Wednesday, February 27, 2013

To Write Organically...

When someone tells you they write organically, that is a pleasant way of saying they really don't outline in advance and that they like to let the story lead them.  Unless you think the entire "organic" thing has been co-opted by ADM and major supermarket chains and the like, because then it probably is less pleasant for you.

Anyway, I've written novel-length work both ways.  I have outlined and I have written with only the vaguest idea of where the story is going.  I'll admit that I enjoy the finish line much more when writing organically, much as a blind pilot probably enjoys having safely landed more than the sighted pilot does.

Looking at the finished novels, however, I'm not sure one way or the other increases the odds of writing a better story.  It alters the process and the author's experience, but it hardly seems to matter when looking for better.

I would argue it does impact the nature of the stories.  For example, without any sort of outline or advanced planning as in purely organic writing, there really is no way for an author to produce a complex series of foreshadows throughout the text which then culminate in a wonderful payoff ending.  An author could finish the book and then go back and add in the foreshadowing, but that's no longer organic, since not only do you have an outline pointing to the ending but you have an actual manuscript.

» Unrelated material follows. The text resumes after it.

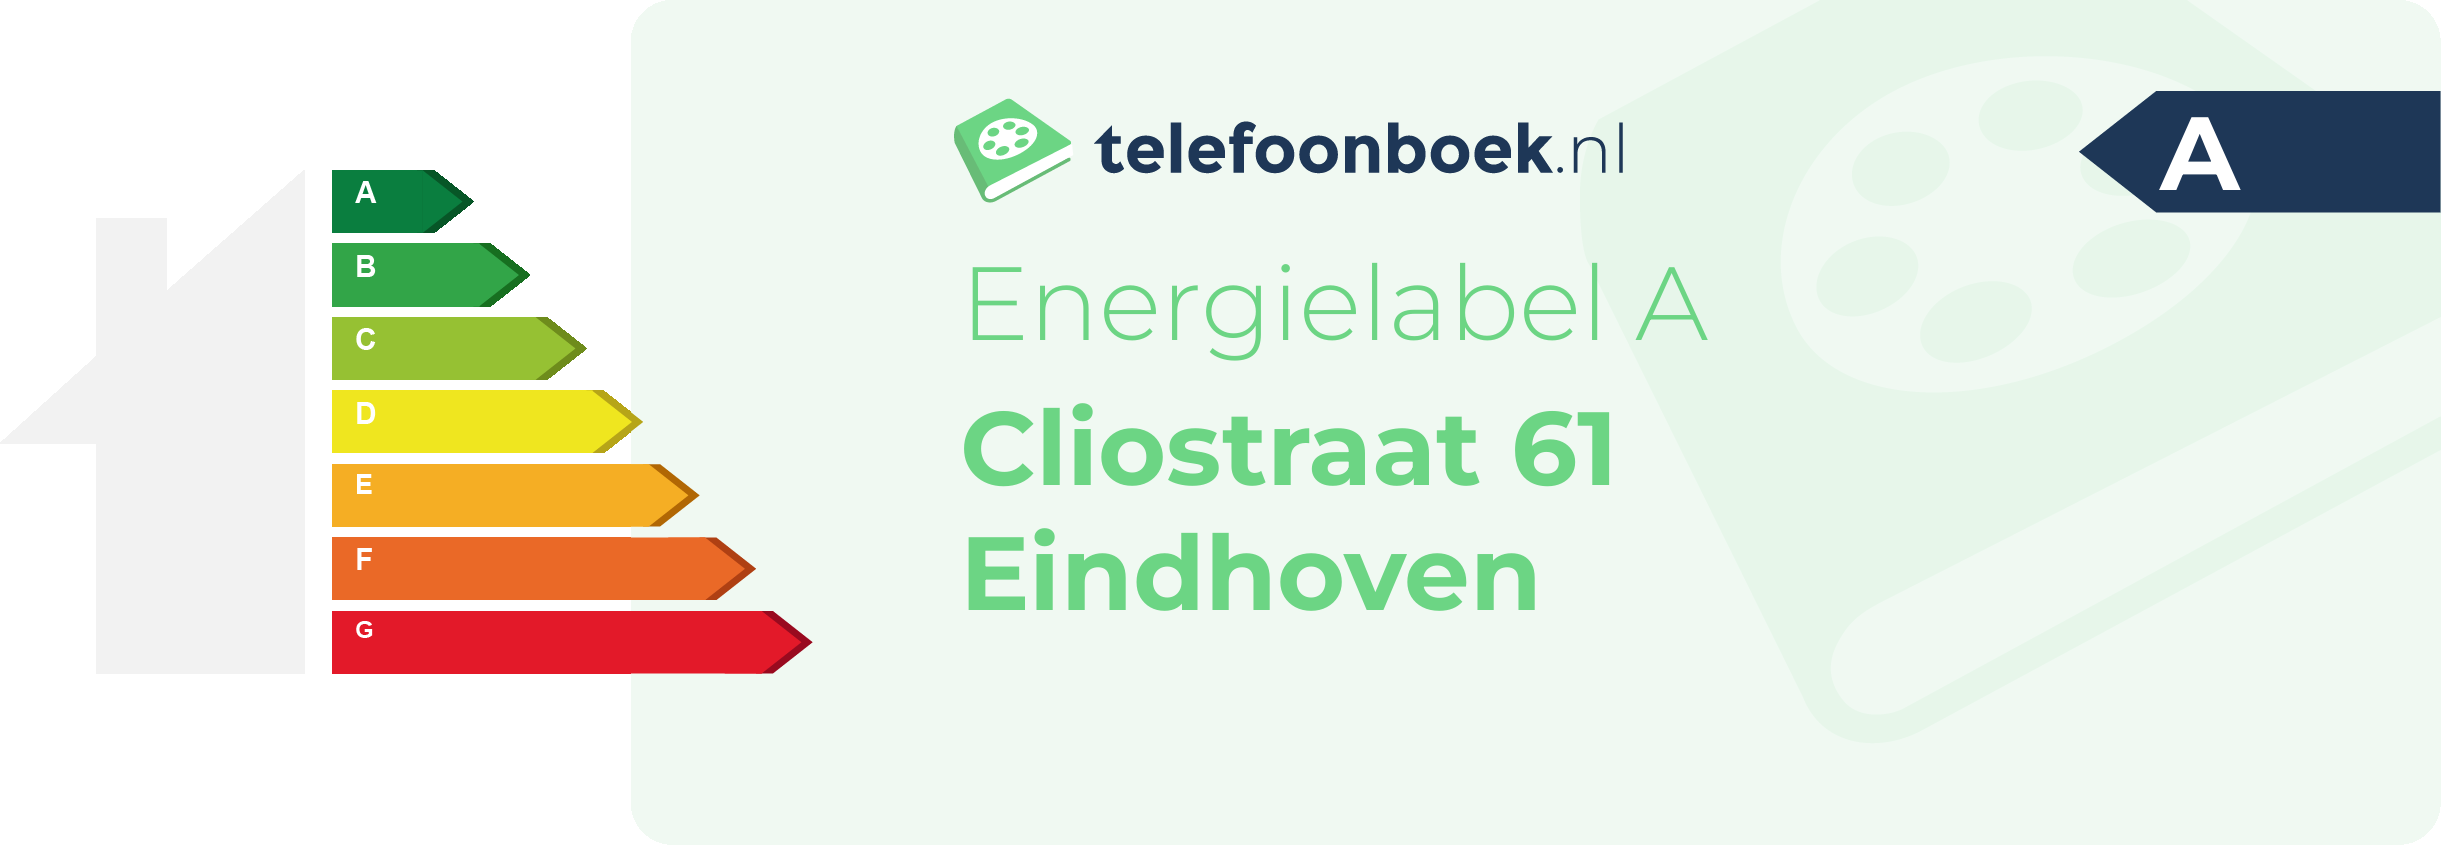 Energielabel Cliostraat 61 Eindhoven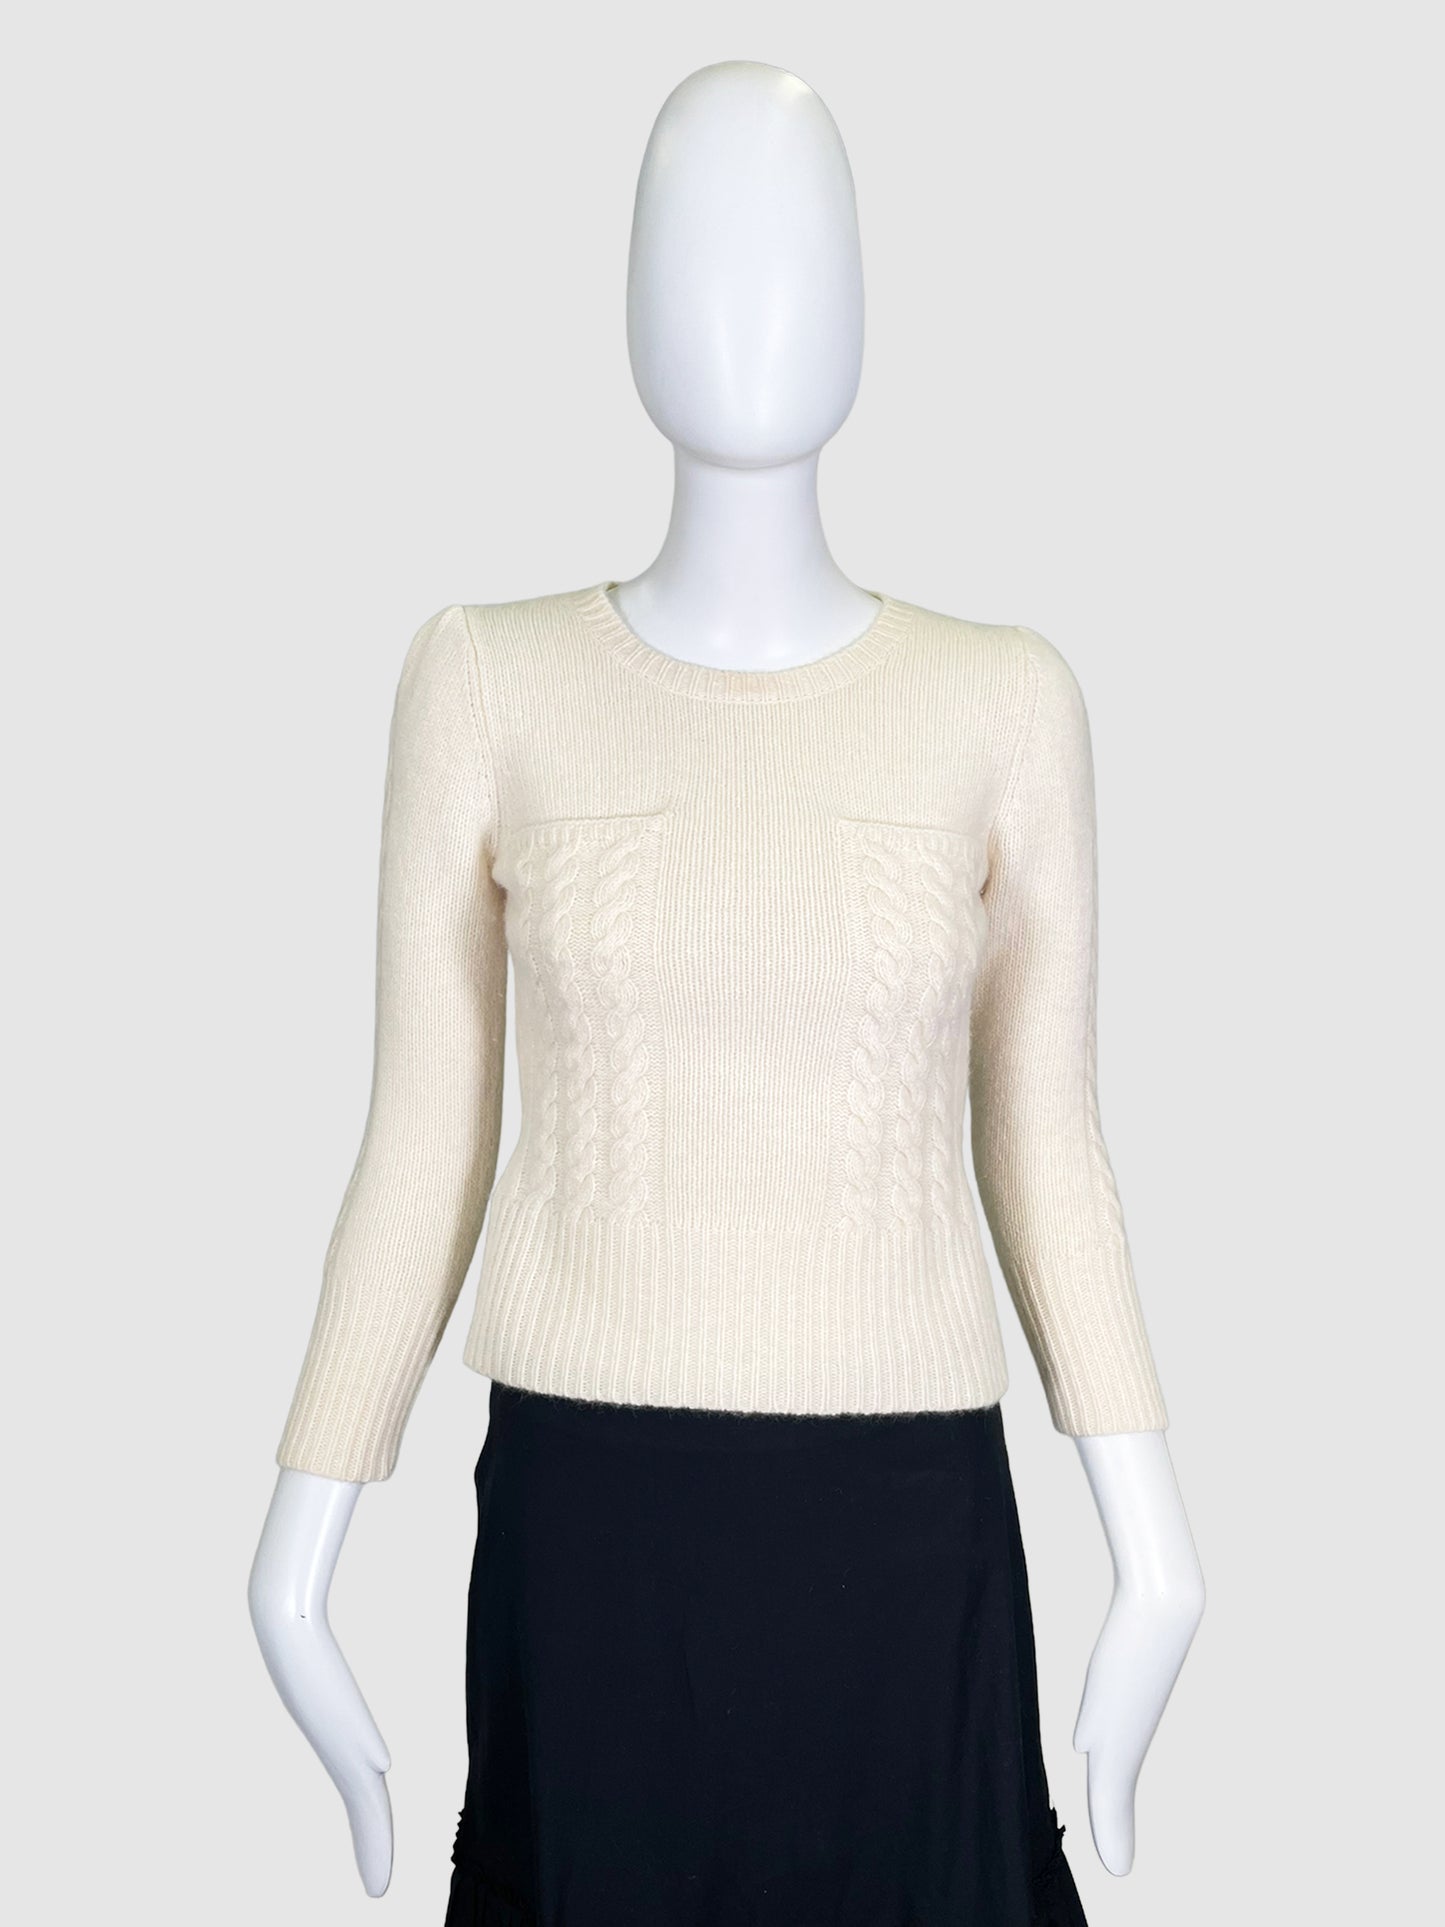 Diane von Furstenburg Wool Sweater - Size S

There is also built-in stress when writing organically.  It might be fun stress for some, comparable to bungie-jumping or walking on hot coals, but with each subsequent organically-written page, the author risks screwing up everything that came before.  While this can be true even when writing from a tight outline, the risks with an outline are lessened.  If you take a wrong turn in writing your story when you're 30 pages deep, who cares?  Most novelists will tell you that the first 30-50 pages are the honeymoon; easy and stress-free.  However, get 250 pages deep and then take the book the wrong way, and only catch it around page 300?  Ugh.  An author in that situation almost always has a flash-fantasy of chucking the whole thing out a 2nd floor window.  It'll wake you up in the middle of the night.  "What?  Really?  Did I really add a that to my novel?  I mean, why not just have the Fonz jump sharks while waterskiing?"

Now, I am DEFINITELY not a proponent of writing an outline in granite and never wavering from it. Here's how I work-  I outline on a yellow legal pad.  I don't know why it works for me.  I do NOT draft by hand, I type from the first word.  But the outline, that I do on yellow legal pad with a couple sharp pencils.  In fact, normally I'm lying down on a bed with pencils and pad, scratching notes, making arrows, crossing out, etc.  The outline for the novel will run almost three pages or so, and for heaven's sake, you won't find roman numerals or uppercase letters and other such nonsense in my outline.

As I sit at the computer and start writing, I glance at the outline.  I have a pencil ready too, because from the first day, I'll be making changes to the outline.  Sometimes I'll go a couple days of hard writing without looking at the outline and then suddenly look up and wonder, "Wait, where the hell am I?" and I'll go to the legal pad.

Typically, the end of the novel is pretty different than the original one outlined on the pad, but it's not purely organic writing.  I didn't wander through the forest.  I made choices at forks in the trails.

So, I have a VERY loose outline of the novel I'm writing now.  Broken into four stages, the novel has only a few notes per stage, but I know where I have to get my story by the end of each stage so that my characters can catch their connection to the next.

I wrote all this not because I was hoping to convert anyone to any system, nor was I even trying to help you.  I was just stalling; I was putting off going back to the novel, but I suppose I'll check that pad and see where I'm up to.